Кристиана была слишком взволнована, чтобы спокойно продолжать разговор. Он посмотрел на нее. Высокая, со стройными длинными ногами – они: всегда вызывали в нем желание. Черные блестящие волосы ниспадали на обнаженные плечи, такие смуглые, будто она только что приехала с моря. Зеленые глаза светились решимостью: она не собиралась откладывать разговор.
Думитру чувствовал, как постепенно раздражение начинает исчезать. И хотя она была сейчас слишком агрессивна и уже начала его в чем-то упрекать – он ее не слушал, потому что с тех пор как он уехал из Бухареста на стройку, упреки сыпались постоянно и уже не задевали его.
Кристиана сильно изменилась, все время словно искала предлог для ссоры, и Думитру начал ее избегать, реже бывал дома. Причина была, конечно, не только в Кристиане – дел на стройке и в самом деле хватало. Во всяком случае, теперь для него прежде всего было дело…
Думитру поймал на себе ее взгляд – непримиримый, безжалостный. Она молчала, решив, по-видимому, отложить обвинения до более благоприятного момента. Сейчас она ждала ответа, возможно, хотела услышать от него какие-то извинения, объяснения, оправдания.
Внезапно наступившая тишина была напряженной.

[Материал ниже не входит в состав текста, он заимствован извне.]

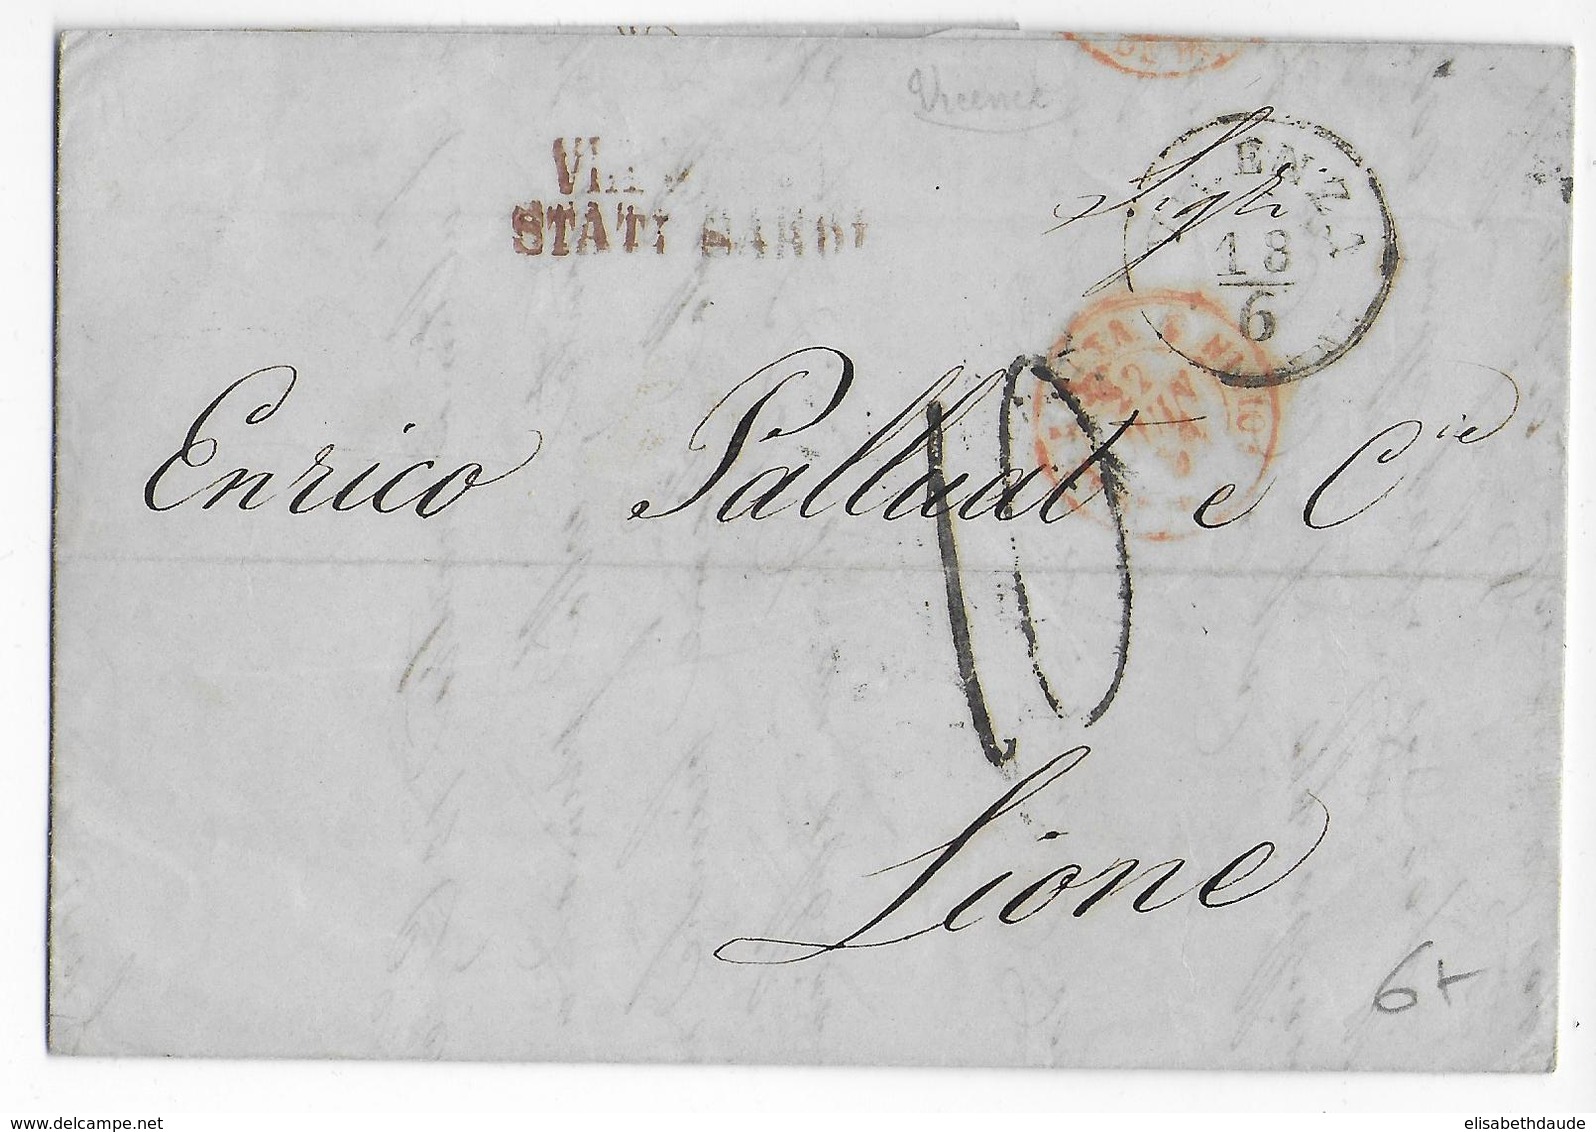 1856 - LETTRE De VICENZA (VENETIE) => LYON Avec MARQUE "VIA STATI SARDI" SARDE - Sardegna

И вдруг он сказал:
– И все-таки давай отложим разговор на завтра…
Думитру постарался произнести эту фразу не слишком примирительным тоном, опасаясь, как бы Кристиана не приняла его слова за признание справедливости ее обвинений. Это могло бы привести к тому, что она немедленно придумала бы новые, с той находчивостью и быстротой, на которые в подобных ситуациях способна только женщина.
– Когда завтра?.. И где? В поезде?! – не уступала Кристиана, бросая на него почти злобный взгляд.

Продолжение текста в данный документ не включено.